The determinePhases function encodes the routing rules. Simple changes go directly to planning then execution. Changes that touch security, data migration, or public APIs trigger the discuss and PRD phases. The orchestrator does not ask the LLM which phase to use. It applies deterministic rules based on signals from the codebase analysis.

DAG Construction and Wave-Based Execution

Once the planning phase completes, the orchestrator has a list of tasks with dependencies. It constructs a DAG and groups tasks into waves. Tasks in the same wave have no dependencies on each other and can run in parallel. Waves execute sequentially, with an integration gate between them.

graph TD
    A[Goal Assessment] --> B[Phase Detection]
    B --> C[Planning: DAG Construction]
    C --> D[Wave 1: Parallel Tasks]
    D --> E1[Task A: Schema Migration]
    D --> E2[Task B: Model Update]
    D --> E3[Task C: Controller Stub]
    E1 --> F[Integration Gate 1]
    E2 --> F
    E3 --> F
    F --> G[Wave 2: Parallel Tasks]
    G --> H1[Task D: Service Layer]
    G --> H2[Task E: Validation Rules]
    H1 --> I[Integration Gate 2]
    H2 --> I
    I --> J[Wave 3: E2E Test]
    J --> K[Final Gate: Review]
    K --> L[Summary]

Each integration gate runs gem-reviewer against the current state of the codebase. The reviewer checks that the build compiles, existing tests pass, and new code follows project conventions. If the gate fails, gem-debugger enters the diagnose-then-fix loop.

The Wave Executor

The wave executor is the runtime component that manages parallel agent execution. It spins up to four specialist agents concurrently, each handling one task from the wave. Each agent operates independently, with its own context window and its own completion criteria.

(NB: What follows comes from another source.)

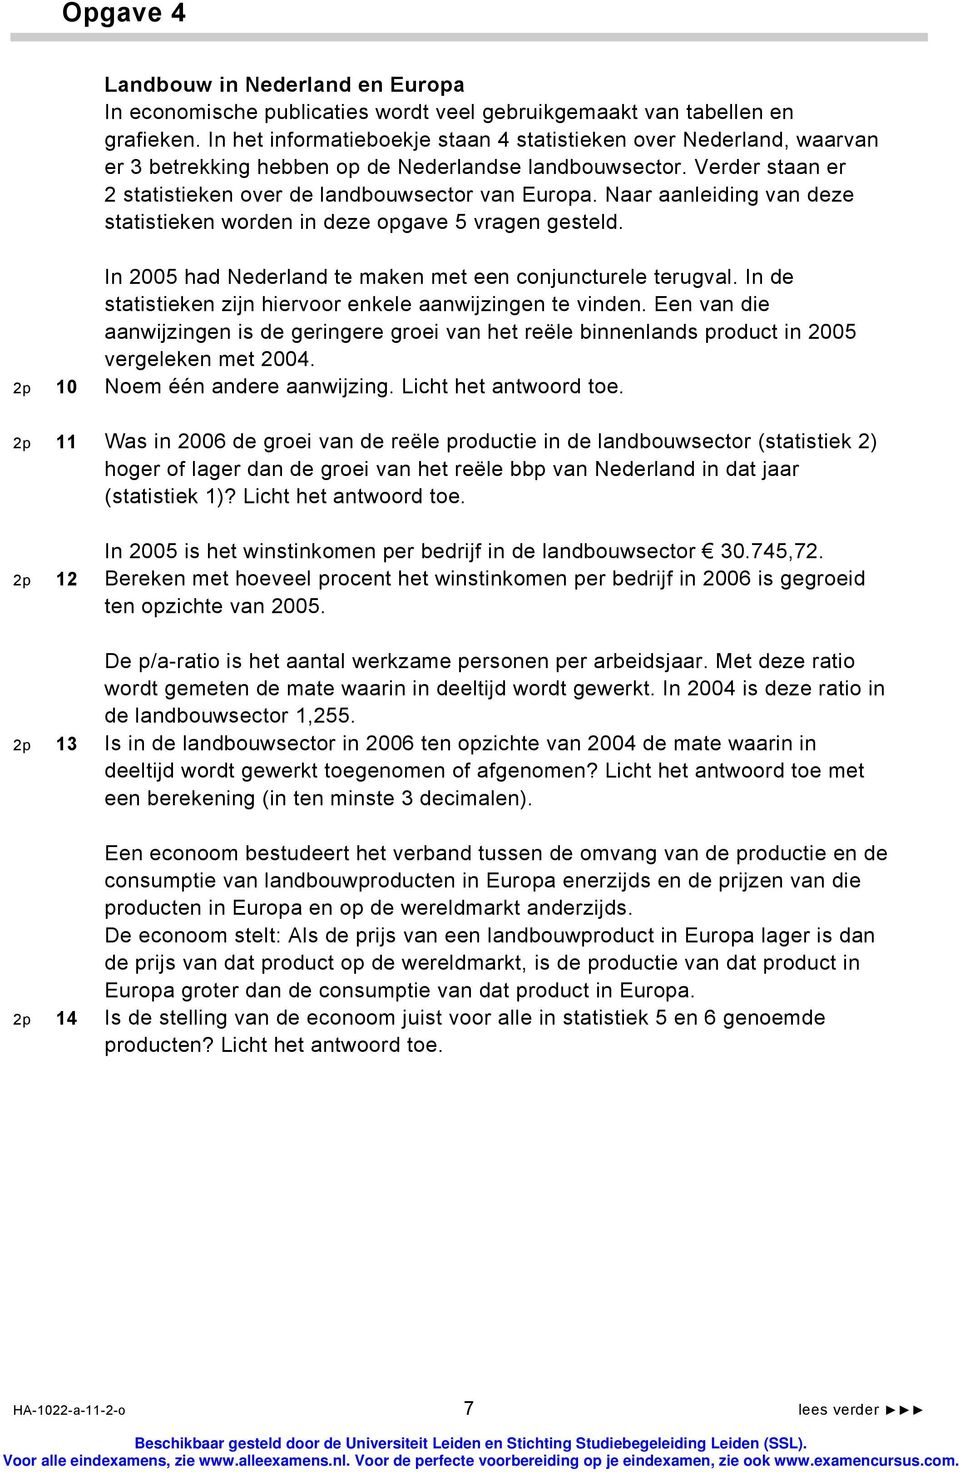 Naar aanleiding van deze statistieken worden in deze opgave vragen gesteld. In 200 had Nederland te maken met een conjuncturele terugval.

// Simplified wave executor from gem-orchestrator
interface Wave {
  id: string
  tasks: Task[]
  gate: IntegrationGate
}

interface Task {
  id: string
  agent: string
  specification: string
  dependencies: string[]
  status: "pending" | "running" | "completed" | "failed"
}

async function executeWave(
  wave: Wave,
  state: ExecutionState,
): Promise<WaveResult> {
  const results = await Promise.allSettled(
    wave.tasks.map((task) => executeTask(task, state)),
  )

  const failures = results.filter(
    (r) => r.status === "rejected",
  ) as PromiseRejectedResult[]
  if (failures.length > 0) {
    return { status: "wave_failed", failures }
  }

  // Integration gate
  const gateResult = await runIntegrationGate(wave.gate, state)
  if (!gateResult.passed) {
    const diagnosis = await diagnoseFailure(gateResult, state)
    const fixResult = await applyFix(diagnosis, state)
    if (!fixResult.applied) {
      return { status: "gate_failed", diagnosis, fixResult }
    }
  }

  return { status: "wave_completed" }
}

The Promise.allSettled call is deliberate. It lets every task in the wave run to completion, even if some fail. This gives the diagnostic loop the full picture before attempting recovery. A task that succeeds provides context for fixing a related failure.

Failure Handling Patterns

The diagnose-then-fix loop is the most important pattern in the Gem-Team architecture. It separates the concerns of detection, diagnosis, and remediation into distinct steps, each handled by a specialist agent.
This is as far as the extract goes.